Says Mr. Chittenden:

After considering the excuses urged for the necessity of this action, Judge Hallett declines to speak at length of the contract, lest he "might convey an impression that for some purposes these corporations have the powers which, in this instrument, they have assumed to exercise." He declares that it is enough to say that it is a conspiracy to grasp commerce and to suppress the building of railroads in two great States, and he cites decisions of the courts of New York, Pennsylvania, and other States in which similar provisions have fallen under condemnation.

That is a very instructive case, and a very able note to that case by Mr. Adelbert Hamilton, one of the editors of the Law Reporter, says:

There can be no question that according to American authority a railroad pooling contract is monopolous in its tendency and objectionable as such, for these three reasons, so tersely reported by Lord Coke in Darcy v. Allen (2 Coke's Reports, 84), where, speaking of such monopolies, it is said: "A monopoly hath three incidents mischievous to the public: First, the raising of the price; second, the commodity will not be so good; third, the impoverishing of poor artificers."

I assert as an undeniable proposition: First, that at common law the charges of a common carrier must be reasonable. Second, that a common carrier can not discriminate in freight rates between individuals. Third, that common carriers can not pool and thereby prevent competition. At common law these propositions are indisputable.

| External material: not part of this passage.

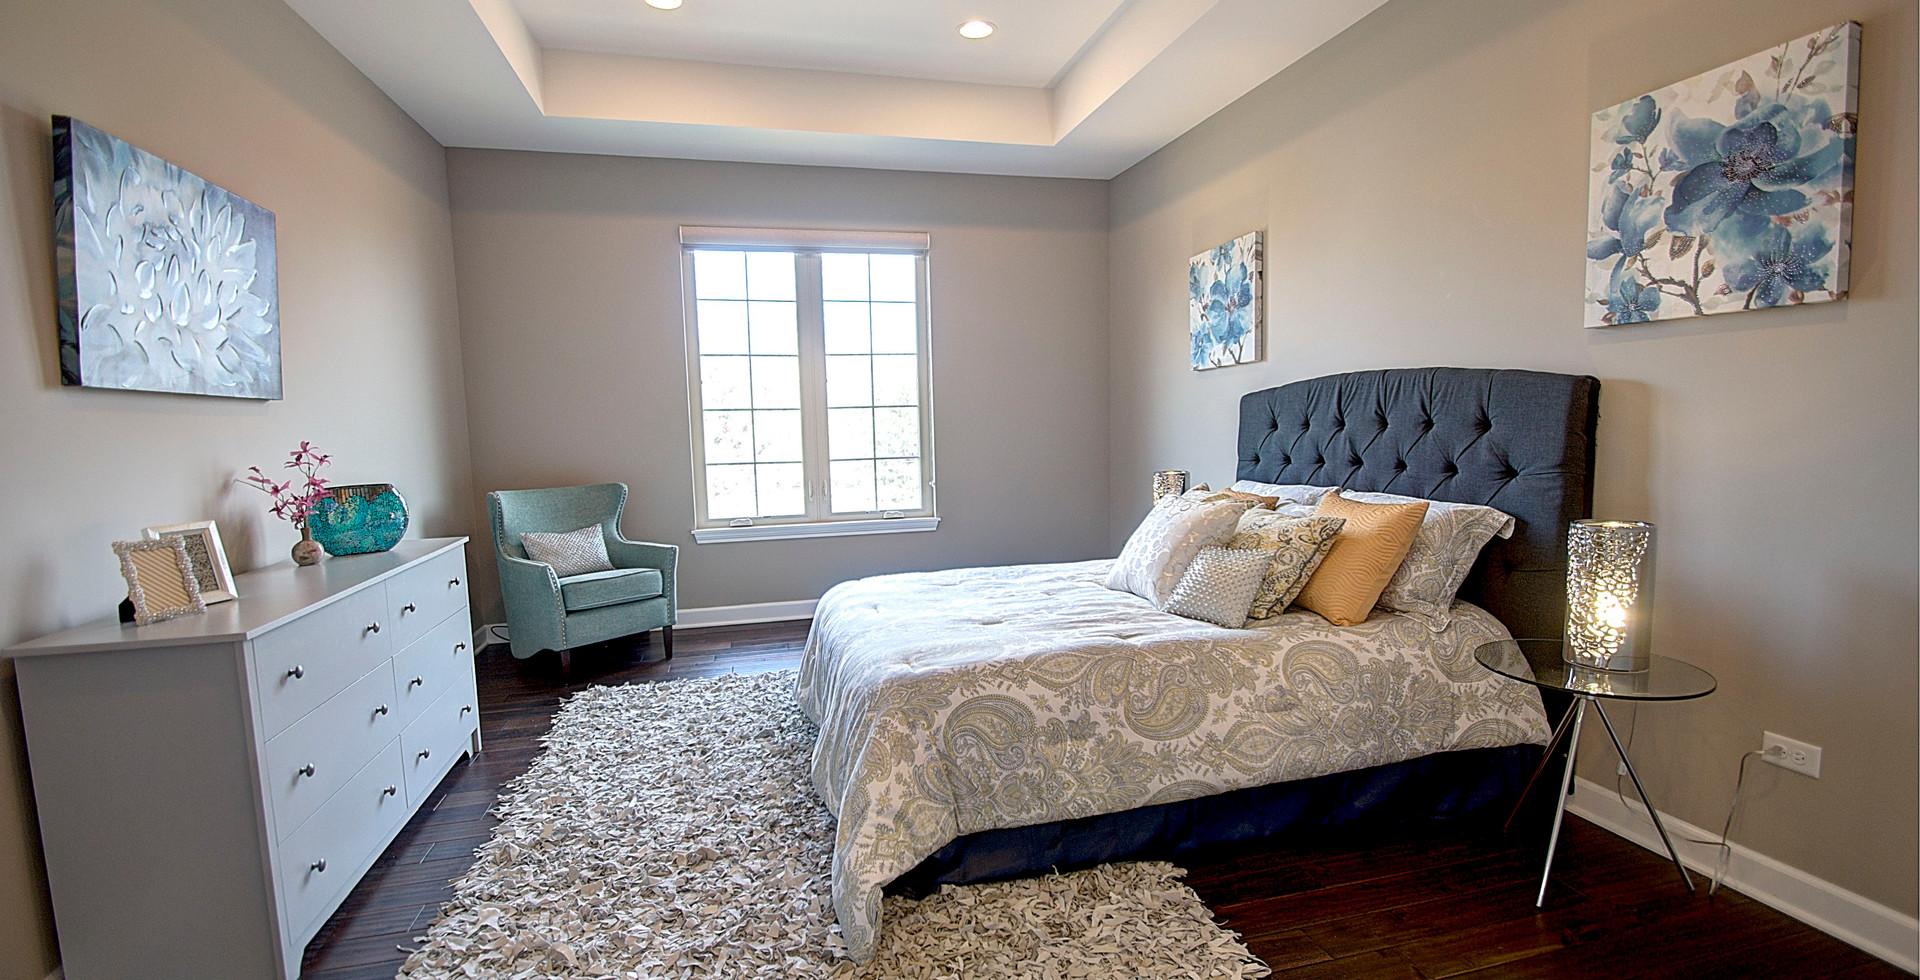 Bedroom in Forest Park designed by MRM Home Design.jpg

I will go further and say that the prohibition upon pooling, that the equality as to all persons for whom they carry enjoined upon common carriers at common law, prohibits discrimination between places. I assert further that the highest public policy requires that common carriers who, like railroad corporations, exercise a part of the sovereignty of the state in condemning land under the right of eminent domain, exercise to a certain extent public offices, public trusts, shall be amena ble to public supervision, and that these public offices, these public trusts, the people are entitled to know all about in their administration, and that, therefore, the railroad companies should be required to post up their schedules of rates of freight charges as required by the House bill. All the propositions which I have enumerated are contained in the House bill. There is nothing more nor anything less in the House bill than those propositions except the modes and methods of enforcing them. Mr. MCPHERSON. Would it interfere with the Senator's speech if I should in this connection ask him a question?

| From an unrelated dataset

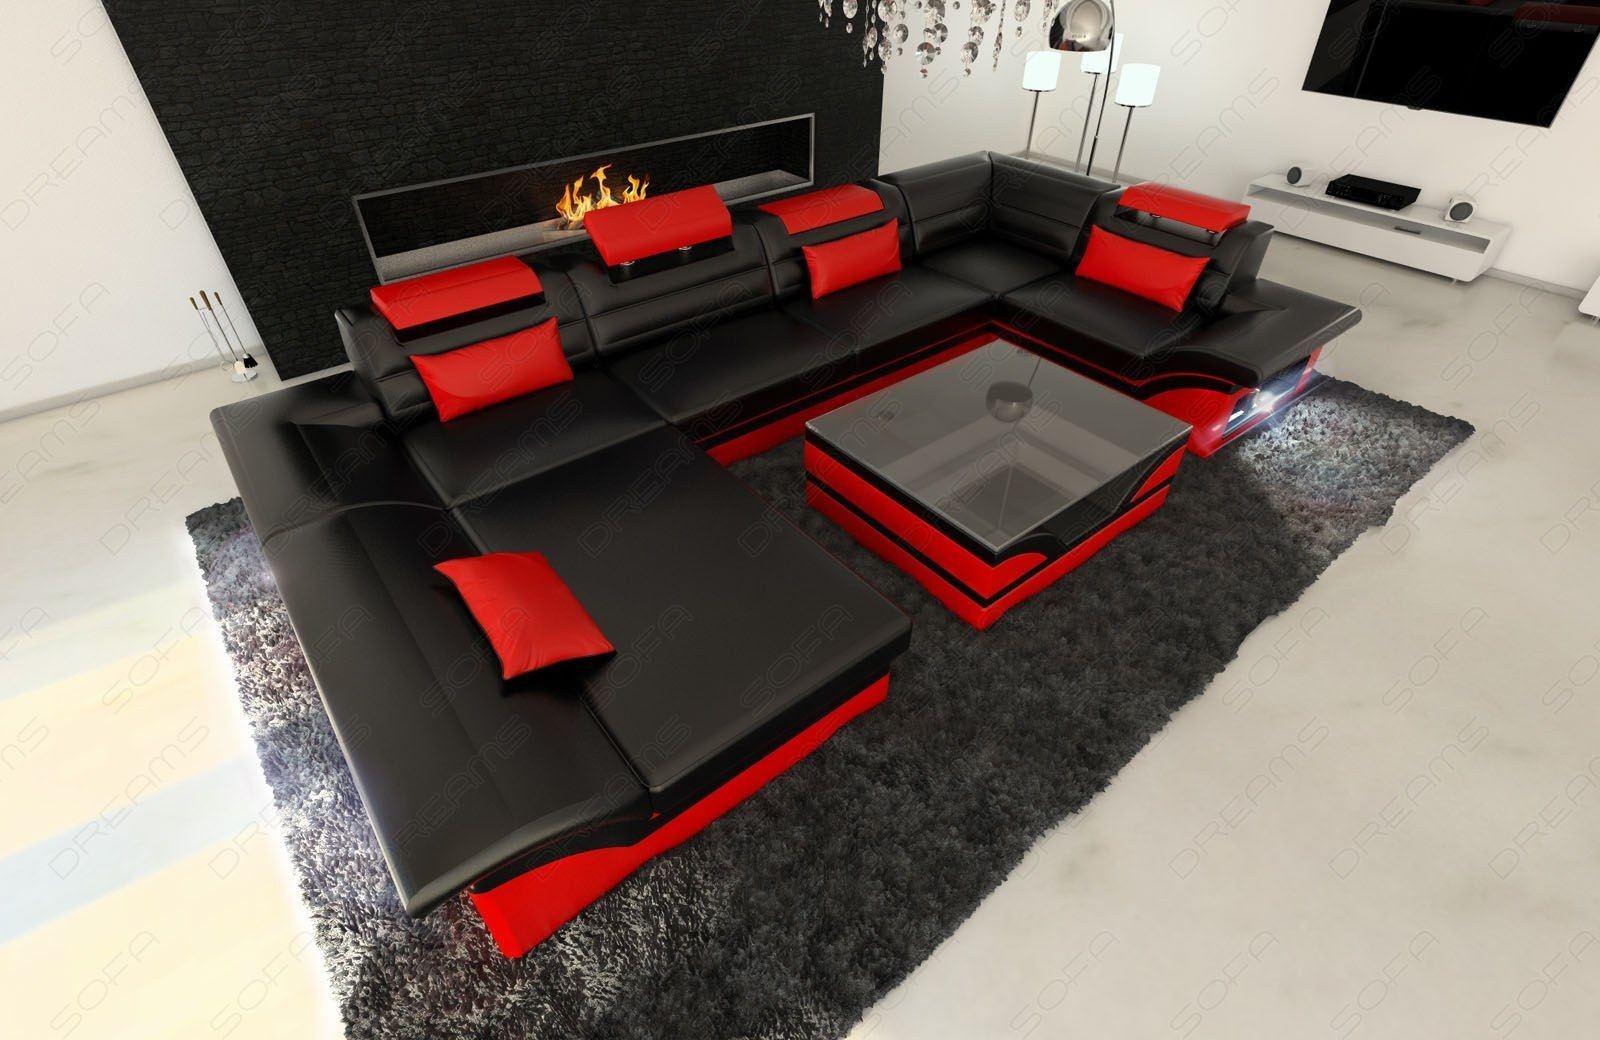 Full Size of Luxus Sofa Design Wohnlandschaft Enzo U Form In Leder Mit Led Beleuchtung Türkis L Schlaffunktion Elektrisch Garnitur 3 Teilig Polyrattan Xxl Groß Grau Tom Sofa Luxus Sofa

Mr. COKE. Not at all, sir.

Mr. MCPHERSON. I ask the question for information entirely. As I understand the Senator's remarks, they reach the point that a railway company having the power to condemn or take private property for a use, it must be a public use and to the public benefit. So far I agree with the Senator fully, and perhaps I might even go further, because I believe that if a railway company, having the power to condemn private property for public use, fails to conserve the public interest, it has then no more right to that land than a custom-house officer has to the custom-house at the end of his term of office.

But the point I wanted to raise was this: Does the Senator go so far as to say that Congress should intervene when the rates are reasonable? I do not suppose anybody would go beyond saying that the rate must be reasonable. Suppose it is reasonable, and still the railway companies decide to pool. In short, how can you reach a railway company for pooling the freight while maintaining reasonable rates? How do you propose to punish them? Let me put the question still broader. What is the justice in attempting to punish a transportation line for pooling its business with other lines when at the same time all the lines in the pool maintain reasonable rates?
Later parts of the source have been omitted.